July 2, 2010: Well, Well, Cuba Drills Deep

As reported in Friday's Wall Street Journal, Cuba will begin deep water drilling early next year. The first well to be drilled will be done by Repsol YPF a scant sixty miles south of Key West. Repsol (REP) will use a floating drill rig presently being repaired in a Chinese shipyard which is almost identical to the Deepwater Horizon unit of BP fame,with the addition of five blowout devices instead of the four on Deepwater Horizon. Almost all parts and components of the rig, reports the WSJ, are from non-US companies. Thanks to a 1977 treaty between Jimmy Carter and Fidel, the Straits of Florida were divided equally between Cuba and the United States, which gives Cuba the right to drill so close to the U.S. land boundary.

Inspires hope and confidence,doesn't it? And there are many more oil projects off the Cuban coast from Havana to the Yucatan Channel to follow. Repsol's partners in Cuba include Statoil ASA (STO) and India's state-run Oil and Natural Gas. Eight other oil companies hold fossil fuel leases from the Castro Brothers, including Petrobas(PBR)and Sherrit International (SHERF.PK).

It appears as though anything that President Obama does to curtail drilling for fossil fuels in the Gulf of Mexico fails to stop other countries from exploiting the billions of dollars in fossil fuel energy stored beneath the waves.We lose.Cuba,Mexico,Venezuela and other Caribbean countries win.

Investors should monitor this series of events, as well as Cuba's efforts to extract fossil fuels and minerals on land, via companies such as Freeport-McMoran (FCX).

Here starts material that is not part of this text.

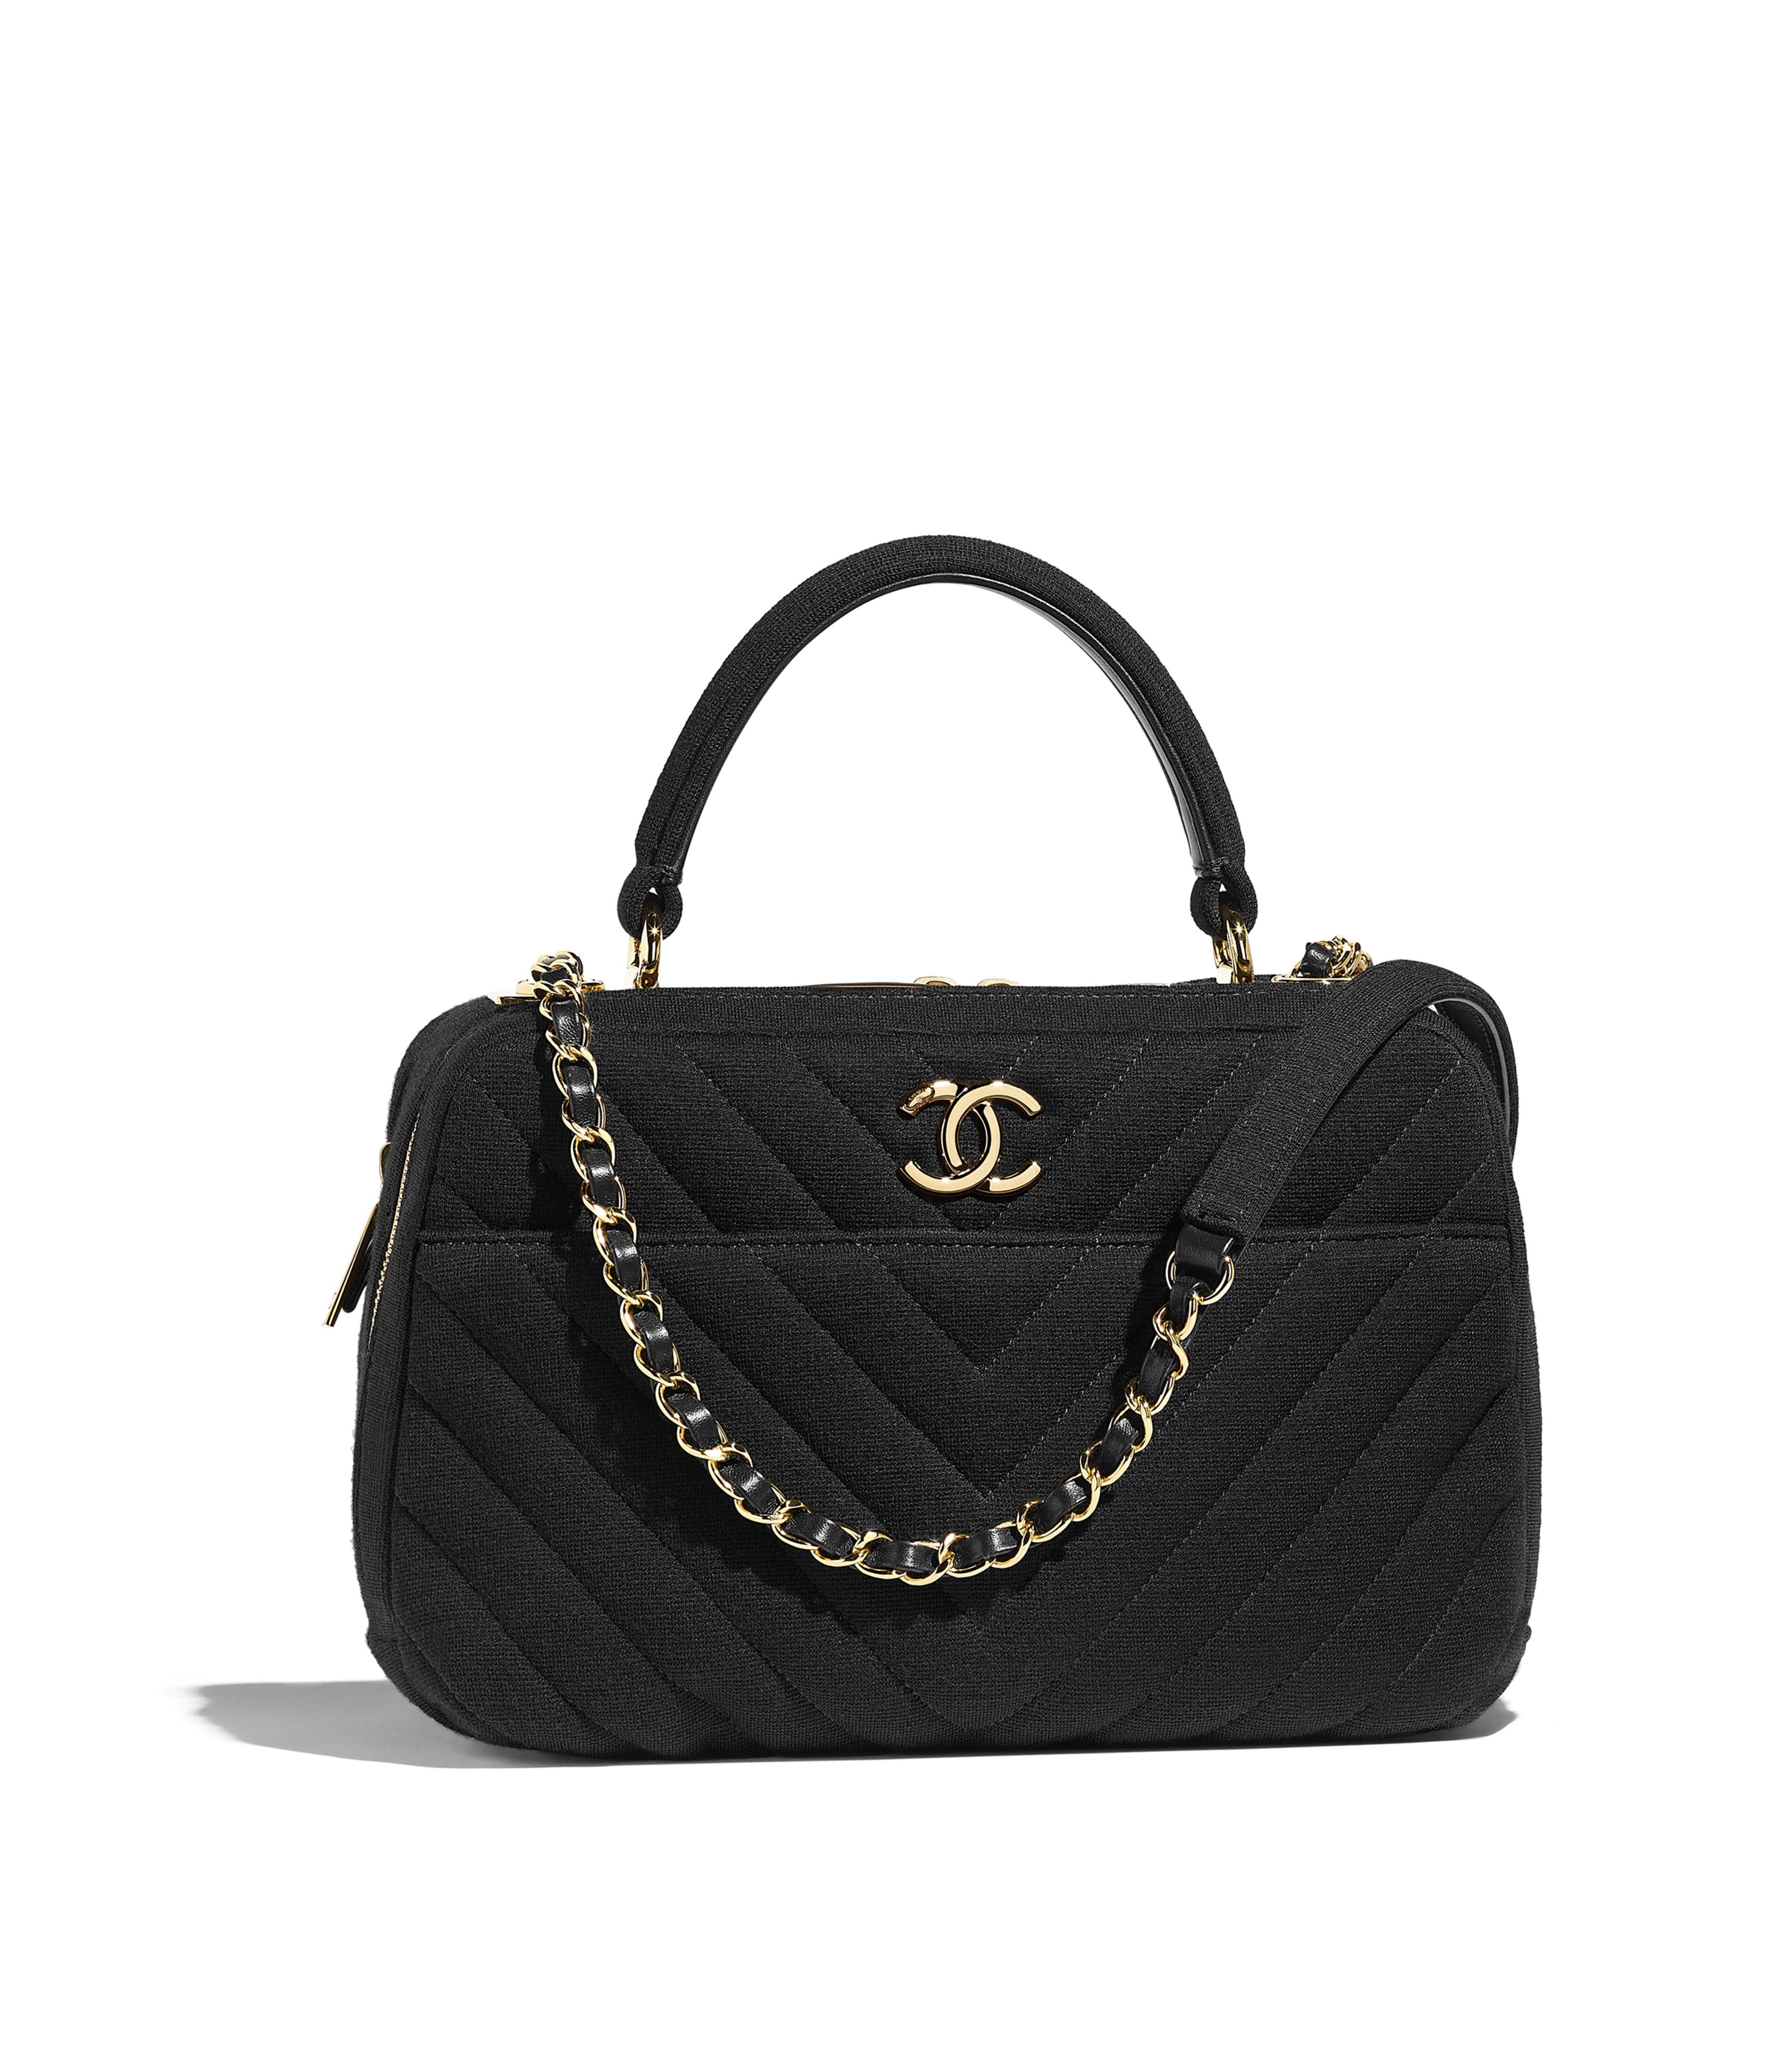 Bowling Bag Jersey Gold Tone Metal Black Ref A92238y8417994305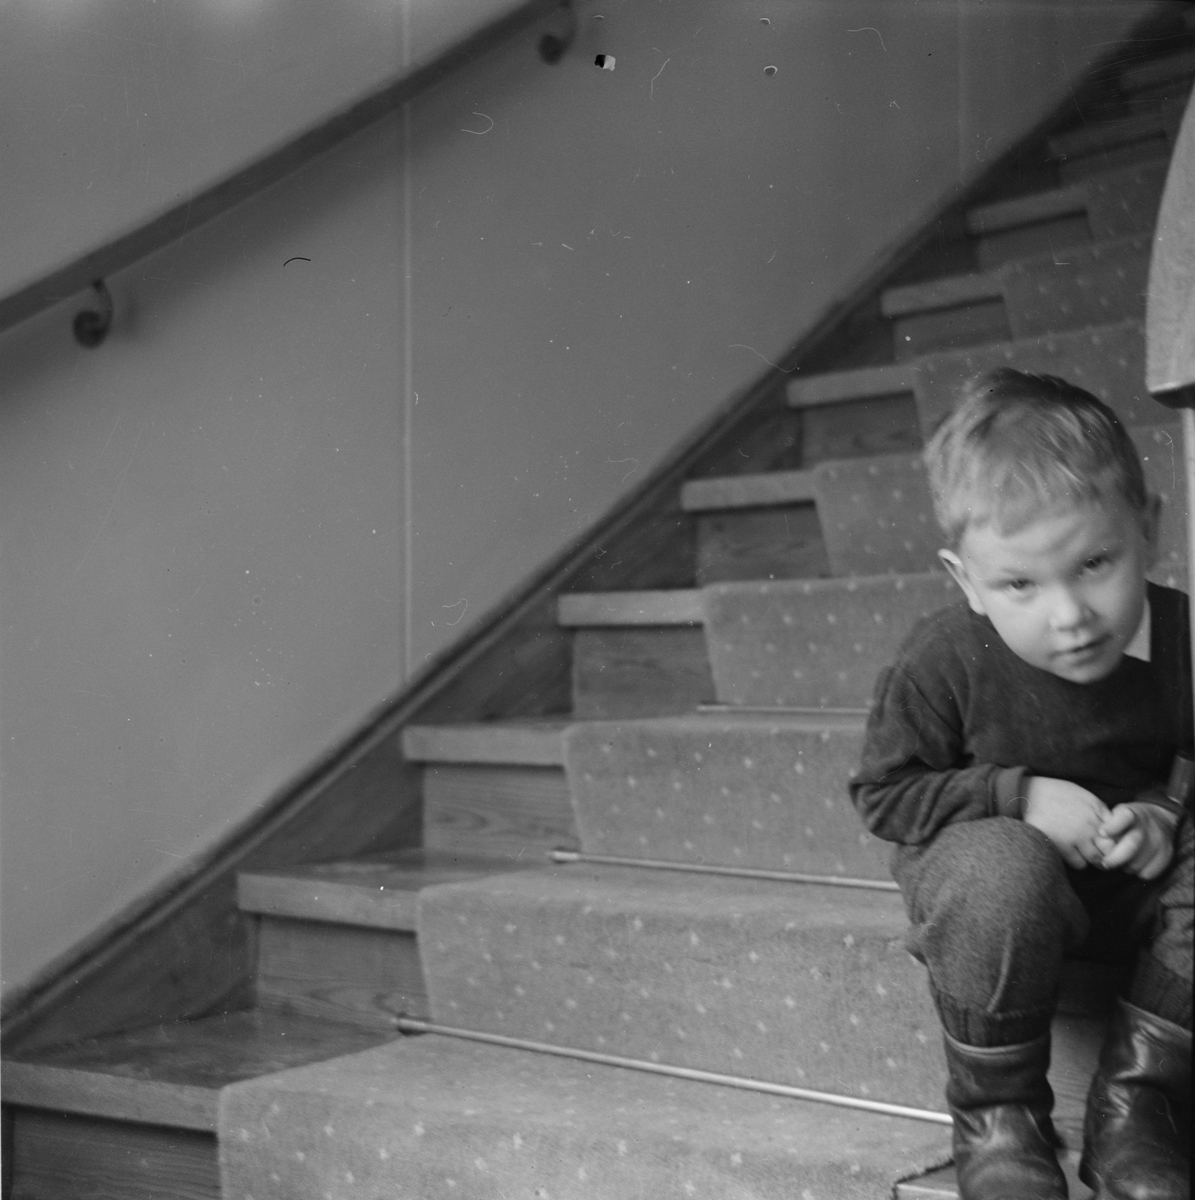 Liten pojke i trappan, Fagerudds Semesterhem, Fagerudd, Uppland 1961

By most measures, Cuba itself is an awful place to do business. Cuba,for the companies named above, is a small part of their overall operation. The takeway is that the United States can remove U.S. Gulf of Mexico oil production through regulation, Florida Governor and Senate hopeful Charlie Christ can propose an amendment to the Florida constitution to forever ban drilling off the Florida coast and we can spend our way to alternative energy oblivion while right under the nose of the most powerful nation on earth, deepwater drilling en masse will commence with the lion's share of profits going to our adversaries.